三傻子一睜開眼睛,就看到了四愣子酣睡著的麵孔,嘴角淌著口水,臉上含著笑容,笑得還挺甜蜜。
三傻子輕罵一聲:“瞅他那熊樣吧,昨晩指不定去幹啥壞事了呢,等老子練功回來再審你。”
他一如昨日,跑到了奉天公園門口,那裏已經有三五個山姑娘在賣花了,但並未見到雲娥。
三傻子沒在門口耽擱,直接跑進林中,在林間空地練起功來。
當他練完功,向公園大門跑去時,又聽到了雲娥的歌聲——
……
杏花紅了,
梨花白了,
街頭巷底聲聲叫。
……
雲娥看到三傻子時,臉上綻放的笑容,有如盛開的鮮花。她行了個禮,輕喚一聲:“恩人。”
三傻子也笑了笑:“這麽早就來賣花兒,很辛苦吧。”
“可不是,”雲娥說道,“我們下半夜就動身,搭著順路的馬車往城裏趕,我家遠得很,在上木村呢。”
上木村如今已屬於某個風景區的一部分了,但當年卻是一個荒涼偏僻的小山村。
“恩人,我送你一把杜鵑花吧,這是在高山頂上采來的,別的地方這個時節已經沒有了。”雲娥說著,從花籃裏取出一把鮮花。
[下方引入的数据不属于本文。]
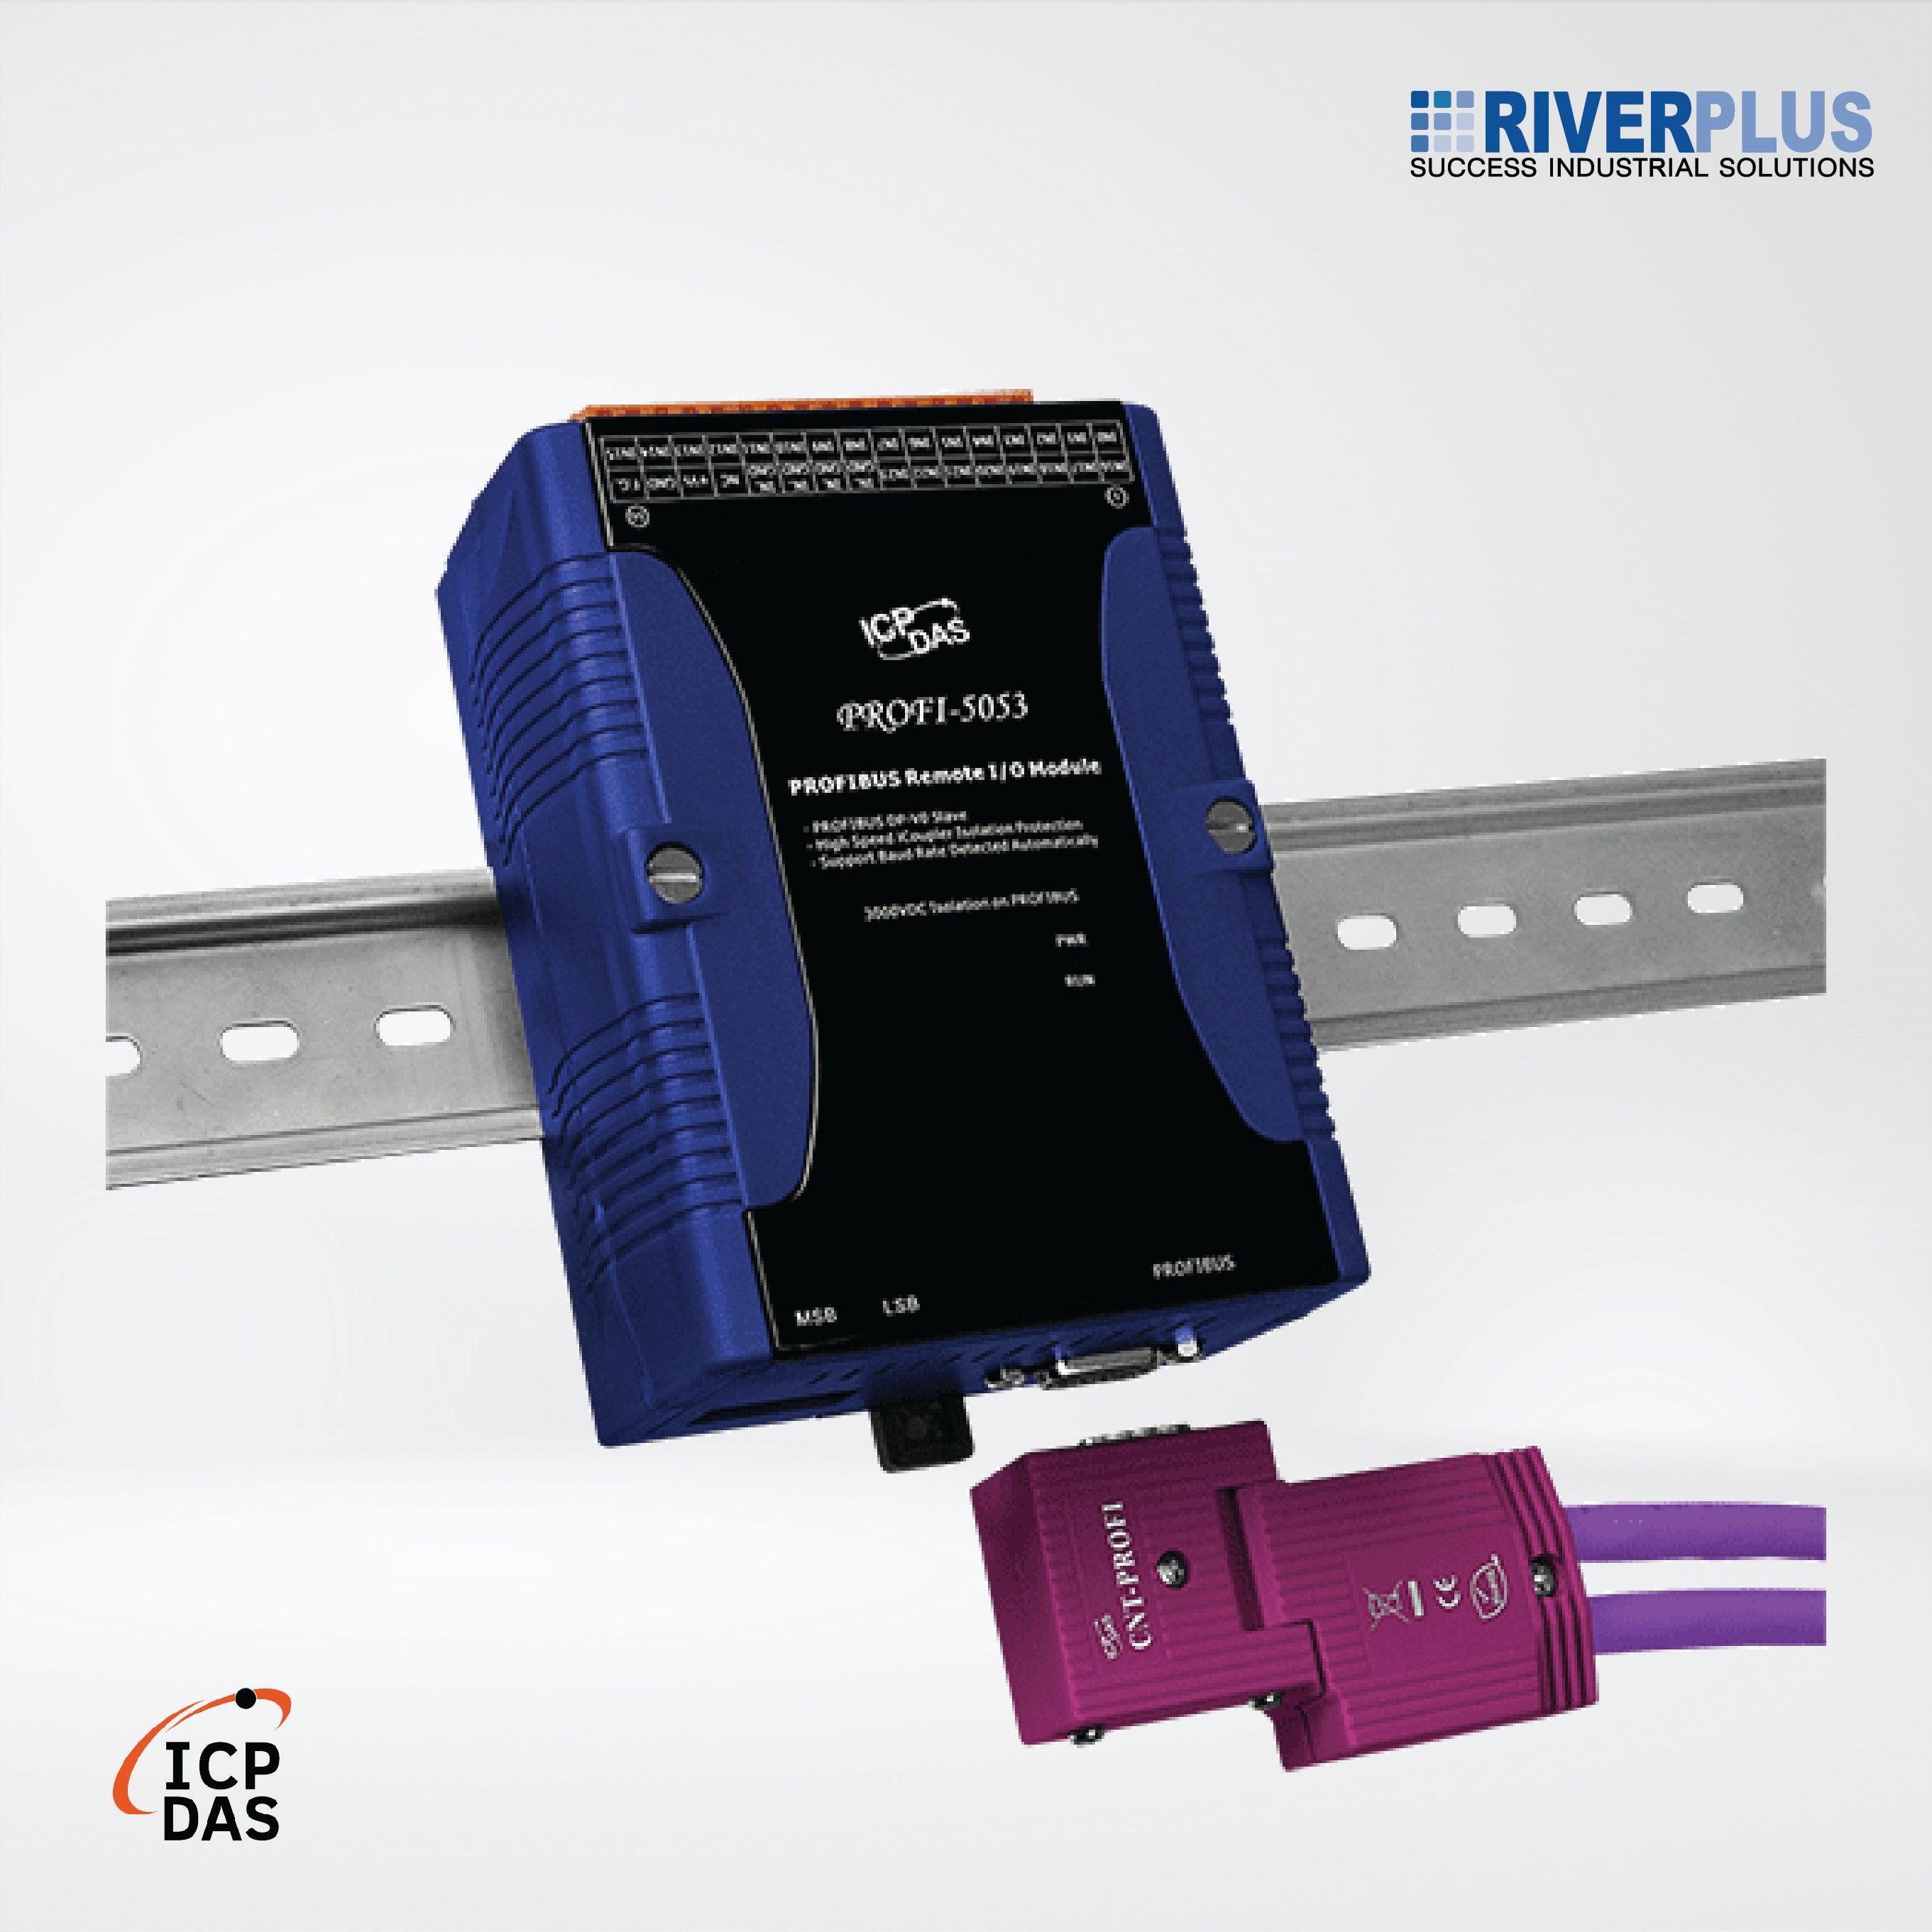 PROFI-5053 PROFIBUS Remote I/O Module (24-channels Dry Contact Non-Isolated Digital Input) - Riverplus

三傻子接過花,捧著看看,聞聞,纖細的枝,殷紅密實的花瓣,撲鼻的芳香。那種恬淡溫馨,從容不迫,一如眼前那農家姑娘。
再看她粉紅的臉恰似山花,水汪汪的大眼睛,好似秋天深潭中的清水亮閃閃的秀發,有如黑色錦鍛光滑柔順,編成一條長辮垂在後臀處,纖纖細腰好像嫩柳。
三傻子看見她,不由得就想起了小棠。
他捧了花,掏出一塊大洋遞給雲娥,問她:“你知道禮拜天是啥日子嗎?哪天是禮拜天?”
雲娥說:“我們鄉下人從不過禮拜天的,但城裏有工作的人和學生們禮拜天是要休息的,哪天是禮拜天我也不知道,你得打聽城裏人。你的錢我不能收,花是送給你的。對了,你到底叫啥名字呀?”